→ ENTRIES SHOWN
______

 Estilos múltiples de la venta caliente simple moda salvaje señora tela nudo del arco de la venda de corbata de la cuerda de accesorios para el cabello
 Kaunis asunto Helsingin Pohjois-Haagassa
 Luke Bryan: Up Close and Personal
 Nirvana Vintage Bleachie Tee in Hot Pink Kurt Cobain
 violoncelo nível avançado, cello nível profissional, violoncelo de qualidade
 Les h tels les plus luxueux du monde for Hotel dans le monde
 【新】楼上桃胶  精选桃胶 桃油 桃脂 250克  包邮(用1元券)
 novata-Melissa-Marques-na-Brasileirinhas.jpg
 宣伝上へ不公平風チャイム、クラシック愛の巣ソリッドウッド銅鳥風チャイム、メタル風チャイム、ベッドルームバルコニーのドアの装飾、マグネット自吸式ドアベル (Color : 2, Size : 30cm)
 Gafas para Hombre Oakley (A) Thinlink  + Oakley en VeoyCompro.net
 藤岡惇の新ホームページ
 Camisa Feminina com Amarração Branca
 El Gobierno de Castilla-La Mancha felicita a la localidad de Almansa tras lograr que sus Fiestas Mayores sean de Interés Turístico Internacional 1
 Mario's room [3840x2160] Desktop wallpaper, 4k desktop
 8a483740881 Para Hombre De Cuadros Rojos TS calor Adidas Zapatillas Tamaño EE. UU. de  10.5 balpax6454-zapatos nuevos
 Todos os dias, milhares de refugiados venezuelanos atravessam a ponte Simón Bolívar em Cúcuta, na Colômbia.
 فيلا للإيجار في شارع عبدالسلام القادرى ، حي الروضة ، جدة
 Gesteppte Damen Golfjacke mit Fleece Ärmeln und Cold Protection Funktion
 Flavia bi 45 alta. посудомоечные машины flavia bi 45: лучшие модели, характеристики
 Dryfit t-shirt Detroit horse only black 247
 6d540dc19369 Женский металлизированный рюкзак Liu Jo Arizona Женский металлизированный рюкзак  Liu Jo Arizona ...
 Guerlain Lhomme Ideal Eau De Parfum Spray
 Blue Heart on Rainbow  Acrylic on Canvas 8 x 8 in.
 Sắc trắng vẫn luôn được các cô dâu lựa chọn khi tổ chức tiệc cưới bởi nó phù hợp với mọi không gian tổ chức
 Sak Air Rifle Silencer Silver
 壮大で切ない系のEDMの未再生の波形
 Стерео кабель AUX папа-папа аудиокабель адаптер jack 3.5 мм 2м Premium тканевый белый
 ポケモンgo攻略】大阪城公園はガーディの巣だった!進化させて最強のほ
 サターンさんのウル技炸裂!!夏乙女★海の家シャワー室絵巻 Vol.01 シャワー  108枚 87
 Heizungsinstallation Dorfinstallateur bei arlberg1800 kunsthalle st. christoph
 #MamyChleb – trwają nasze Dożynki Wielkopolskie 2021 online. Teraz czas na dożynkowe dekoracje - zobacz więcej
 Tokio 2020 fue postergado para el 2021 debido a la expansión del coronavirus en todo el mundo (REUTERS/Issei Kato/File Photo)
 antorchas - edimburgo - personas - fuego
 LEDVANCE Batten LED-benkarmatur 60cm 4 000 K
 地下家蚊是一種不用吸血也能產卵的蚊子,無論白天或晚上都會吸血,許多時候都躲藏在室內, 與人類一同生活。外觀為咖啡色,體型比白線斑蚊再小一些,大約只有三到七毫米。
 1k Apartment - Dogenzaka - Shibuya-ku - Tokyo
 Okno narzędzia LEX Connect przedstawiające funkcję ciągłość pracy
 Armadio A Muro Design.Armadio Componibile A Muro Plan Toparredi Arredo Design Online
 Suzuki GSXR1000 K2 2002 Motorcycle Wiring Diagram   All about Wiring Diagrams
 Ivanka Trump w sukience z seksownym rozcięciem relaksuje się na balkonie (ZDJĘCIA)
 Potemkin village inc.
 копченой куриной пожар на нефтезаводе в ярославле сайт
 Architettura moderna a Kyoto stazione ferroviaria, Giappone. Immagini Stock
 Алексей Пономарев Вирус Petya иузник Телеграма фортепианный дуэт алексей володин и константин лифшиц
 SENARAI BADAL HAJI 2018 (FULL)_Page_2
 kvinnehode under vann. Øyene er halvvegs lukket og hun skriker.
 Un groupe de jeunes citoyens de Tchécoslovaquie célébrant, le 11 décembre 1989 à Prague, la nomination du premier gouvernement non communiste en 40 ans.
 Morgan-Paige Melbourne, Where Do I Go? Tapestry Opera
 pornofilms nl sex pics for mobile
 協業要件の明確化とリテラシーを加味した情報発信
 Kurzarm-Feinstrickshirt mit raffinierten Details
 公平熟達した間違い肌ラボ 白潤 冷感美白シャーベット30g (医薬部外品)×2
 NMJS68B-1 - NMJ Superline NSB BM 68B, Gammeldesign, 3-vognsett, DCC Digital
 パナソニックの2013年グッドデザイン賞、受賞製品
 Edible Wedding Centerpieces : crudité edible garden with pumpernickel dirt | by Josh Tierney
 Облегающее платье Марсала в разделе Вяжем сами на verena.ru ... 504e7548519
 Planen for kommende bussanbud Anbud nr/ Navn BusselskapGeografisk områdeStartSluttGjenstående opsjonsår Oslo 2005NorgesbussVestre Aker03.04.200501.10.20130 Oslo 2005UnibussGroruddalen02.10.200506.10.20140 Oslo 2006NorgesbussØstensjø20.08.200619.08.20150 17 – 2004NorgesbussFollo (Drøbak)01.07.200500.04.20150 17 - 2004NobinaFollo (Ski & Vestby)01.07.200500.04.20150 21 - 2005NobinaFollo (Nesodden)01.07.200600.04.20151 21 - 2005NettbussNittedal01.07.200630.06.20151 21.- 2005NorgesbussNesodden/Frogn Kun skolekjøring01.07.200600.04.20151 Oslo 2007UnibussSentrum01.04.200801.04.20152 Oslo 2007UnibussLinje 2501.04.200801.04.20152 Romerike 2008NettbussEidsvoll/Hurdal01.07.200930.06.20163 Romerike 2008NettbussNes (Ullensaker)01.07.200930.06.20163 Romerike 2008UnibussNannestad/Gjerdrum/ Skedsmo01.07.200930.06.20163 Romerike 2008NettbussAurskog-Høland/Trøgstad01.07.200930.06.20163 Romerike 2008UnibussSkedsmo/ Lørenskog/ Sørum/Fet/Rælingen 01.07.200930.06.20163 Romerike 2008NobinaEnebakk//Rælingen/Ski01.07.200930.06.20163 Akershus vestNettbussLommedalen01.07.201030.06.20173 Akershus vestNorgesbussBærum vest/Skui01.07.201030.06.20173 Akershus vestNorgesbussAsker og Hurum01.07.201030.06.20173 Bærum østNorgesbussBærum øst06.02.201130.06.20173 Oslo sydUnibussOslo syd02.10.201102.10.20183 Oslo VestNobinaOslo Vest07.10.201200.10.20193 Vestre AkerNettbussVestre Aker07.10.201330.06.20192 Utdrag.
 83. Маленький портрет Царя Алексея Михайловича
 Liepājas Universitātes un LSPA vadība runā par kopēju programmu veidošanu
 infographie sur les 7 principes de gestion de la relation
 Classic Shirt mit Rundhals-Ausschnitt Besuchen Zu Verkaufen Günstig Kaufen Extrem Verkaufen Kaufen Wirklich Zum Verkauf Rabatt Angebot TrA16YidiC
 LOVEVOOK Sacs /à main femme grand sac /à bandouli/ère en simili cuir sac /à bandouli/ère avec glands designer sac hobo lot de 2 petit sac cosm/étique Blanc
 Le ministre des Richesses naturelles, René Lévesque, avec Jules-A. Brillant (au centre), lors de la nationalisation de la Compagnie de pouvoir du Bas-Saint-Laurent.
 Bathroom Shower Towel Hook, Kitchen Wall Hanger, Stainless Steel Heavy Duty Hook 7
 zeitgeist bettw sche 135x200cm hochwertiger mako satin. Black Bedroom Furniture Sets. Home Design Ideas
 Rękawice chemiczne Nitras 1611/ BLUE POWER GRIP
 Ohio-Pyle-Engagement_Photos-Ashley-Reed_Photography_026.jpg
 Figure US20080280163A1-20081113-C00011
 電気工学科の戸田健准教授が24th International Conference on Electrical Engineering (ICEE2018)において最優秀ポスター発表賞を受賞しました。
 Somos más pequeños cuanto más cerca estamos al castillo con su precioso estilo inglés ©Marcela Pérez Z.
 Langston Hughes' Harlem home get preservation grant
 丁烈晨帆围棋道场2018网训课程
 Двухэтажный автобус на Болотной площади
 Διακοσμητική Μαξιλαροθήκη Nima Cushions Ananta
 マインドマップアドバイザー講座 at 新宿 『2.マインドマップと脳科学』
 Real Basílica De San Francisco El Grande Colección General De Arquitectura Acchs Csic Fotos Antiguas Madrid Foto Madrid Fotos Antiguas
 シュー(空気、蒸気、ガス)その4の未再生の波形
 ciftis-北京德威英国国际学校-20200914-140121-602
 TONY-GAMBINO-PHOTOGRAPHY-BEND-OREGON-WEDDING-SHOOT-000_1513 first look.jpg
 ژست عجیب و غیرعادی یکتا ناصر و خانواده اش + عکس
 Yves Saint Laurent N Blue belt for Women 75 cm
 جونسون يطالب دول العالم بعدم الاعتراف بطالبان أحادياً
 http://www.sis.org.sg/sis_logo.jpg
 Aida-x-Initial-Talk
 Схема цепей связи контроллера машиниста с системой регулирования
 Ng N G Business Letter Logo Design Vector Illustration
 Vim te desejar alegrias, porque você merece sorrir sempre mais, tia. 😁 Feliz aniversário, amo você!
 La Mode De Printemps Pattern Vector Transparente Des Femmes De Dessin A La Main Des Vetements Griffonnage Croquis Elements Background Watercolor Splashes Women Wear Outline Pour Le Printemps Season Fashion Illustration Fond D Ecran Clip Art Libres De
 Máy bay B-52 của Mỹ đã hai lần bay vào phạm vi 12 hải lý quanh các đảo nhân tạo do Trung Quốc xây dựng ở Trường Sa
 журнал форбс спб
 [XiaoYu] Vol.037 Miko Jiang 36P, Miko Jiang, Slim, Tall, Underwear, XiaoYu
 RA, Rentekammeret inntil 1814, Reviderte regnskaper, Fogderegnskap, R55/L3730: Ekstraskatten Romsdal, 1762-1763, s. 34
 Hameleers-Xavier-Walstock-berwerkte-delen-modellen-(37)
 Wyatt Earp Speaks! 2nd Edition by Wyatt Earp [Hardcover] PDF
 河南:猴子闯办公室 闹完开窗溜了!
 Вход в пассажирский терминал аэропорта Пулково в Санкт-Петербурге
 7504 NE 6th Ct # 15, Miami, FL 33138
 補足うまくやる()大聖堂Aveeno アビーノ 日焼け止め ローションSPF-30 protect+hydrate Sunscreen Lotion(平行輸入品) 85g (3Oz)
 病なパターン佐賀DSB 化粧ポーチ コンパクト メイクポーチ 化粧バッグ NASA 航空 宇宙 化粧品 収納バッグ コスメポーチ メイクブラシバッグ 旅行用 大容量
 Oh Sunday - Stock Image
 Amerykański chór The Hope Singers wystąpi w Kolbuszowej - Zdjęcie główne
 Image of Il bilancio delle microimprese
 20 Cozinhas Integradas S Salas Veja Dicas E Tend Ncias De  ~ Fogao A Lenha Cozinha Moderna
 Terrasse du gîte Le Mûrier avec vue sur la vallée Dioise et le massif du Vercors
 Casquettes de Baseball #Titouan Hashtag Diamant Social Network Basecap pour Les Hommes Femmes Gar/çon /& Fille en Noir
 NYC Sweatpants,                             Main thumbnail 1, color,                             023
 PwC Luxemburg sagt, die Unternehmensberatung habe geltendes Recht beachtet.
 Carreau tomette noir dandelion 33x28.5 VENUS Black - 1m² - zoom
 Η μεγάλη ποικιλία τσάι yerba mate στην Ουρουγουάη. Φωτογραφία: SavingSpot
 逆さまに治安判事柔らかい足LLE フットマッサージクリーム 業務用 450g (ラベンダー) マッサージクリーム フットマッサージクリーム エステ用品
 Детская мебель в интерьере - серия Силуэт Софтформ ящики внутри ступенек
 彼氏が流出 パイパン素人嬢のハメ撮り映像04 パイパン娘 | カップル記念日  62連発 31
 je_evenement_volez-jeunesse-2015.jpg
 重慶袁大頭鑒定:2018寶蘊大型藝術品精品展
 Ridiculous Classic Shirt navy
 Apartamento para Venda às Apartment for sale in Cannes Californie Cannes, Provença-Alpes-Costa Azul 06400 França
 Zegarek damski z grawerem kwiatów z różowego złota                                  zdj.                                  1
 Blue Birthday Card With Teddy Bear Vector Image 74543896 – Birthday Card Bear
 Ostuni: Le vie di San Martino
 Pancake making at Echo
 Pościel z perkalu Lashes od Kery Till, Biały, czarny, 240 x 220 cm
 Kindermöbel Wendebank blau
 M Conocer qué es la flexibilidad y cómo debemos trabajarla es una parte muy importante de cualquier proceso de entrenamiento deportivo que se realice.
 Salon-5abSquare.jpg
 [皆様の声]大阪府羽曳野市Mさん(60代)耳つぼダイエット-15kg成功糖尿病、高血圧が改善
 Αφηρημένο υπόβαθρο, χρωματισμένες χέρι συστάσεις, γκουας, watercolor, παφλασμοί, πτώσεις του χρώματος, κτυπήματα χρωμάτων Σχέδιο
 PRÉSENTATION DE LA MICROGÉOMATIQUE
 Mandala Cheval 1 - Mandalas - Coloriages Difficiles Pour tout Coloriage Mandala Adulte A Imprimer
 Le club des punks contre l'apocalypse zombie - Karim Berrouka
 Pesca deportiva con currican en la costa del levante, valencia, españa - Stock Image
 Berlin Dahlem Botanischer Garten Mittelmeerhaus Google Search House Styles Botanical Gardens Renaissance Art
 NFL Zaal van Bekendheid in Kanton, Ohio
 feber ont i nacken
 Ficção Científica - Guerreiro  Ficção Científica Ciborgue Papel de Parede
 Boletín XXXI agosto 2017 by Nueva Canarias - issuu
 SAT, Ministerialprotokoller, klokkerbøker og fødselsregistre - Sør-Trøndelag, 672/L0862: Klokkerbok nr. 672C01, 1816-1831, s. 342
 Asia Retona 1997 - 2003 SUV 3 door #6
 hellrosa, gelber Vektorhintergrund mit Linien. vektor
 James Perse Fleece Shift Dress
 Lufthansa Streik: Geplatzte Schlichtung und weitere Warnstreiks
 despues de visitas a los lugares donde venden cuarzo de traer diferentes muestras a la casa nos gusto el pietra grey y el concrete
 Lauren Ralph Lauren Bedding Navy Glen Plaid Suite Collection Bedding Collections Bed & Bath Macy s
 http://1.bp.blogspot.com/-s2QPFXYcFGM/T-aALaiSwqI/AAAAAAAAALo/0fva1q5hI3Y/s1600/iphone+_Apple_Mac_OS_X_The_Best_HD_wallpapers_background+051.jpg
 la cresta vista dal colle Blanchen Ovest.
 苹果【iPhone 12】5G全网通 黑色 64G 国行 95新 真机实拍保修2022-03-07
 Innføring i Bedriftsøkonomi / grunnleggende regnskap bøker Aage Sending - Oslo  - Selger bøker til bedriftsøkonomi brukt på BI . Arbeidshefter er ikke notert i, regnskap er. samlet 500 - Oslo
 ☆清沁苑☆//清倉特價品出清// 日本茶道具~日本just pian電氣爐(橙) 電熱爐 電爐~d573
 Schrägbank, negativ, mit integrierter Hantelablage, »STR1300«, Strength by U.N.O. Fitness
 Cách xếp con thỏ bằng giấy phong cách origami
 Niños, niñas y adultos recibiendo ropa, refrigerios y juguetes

______

→ TASK DIRECTIONS
Each line that holds the string "Laurent" is to be copied from the entries above.

→ SOLUTION BELOW
 Le ministre des Richesses naturelles, René Lévesque, avec Jules-A. Brillant (au centre), lors de la nationalisation de la Compagnie de pouvoir du Bas-Saint-Laurent.
 Yves Saint Laurent N Blue belt for Women 75 cm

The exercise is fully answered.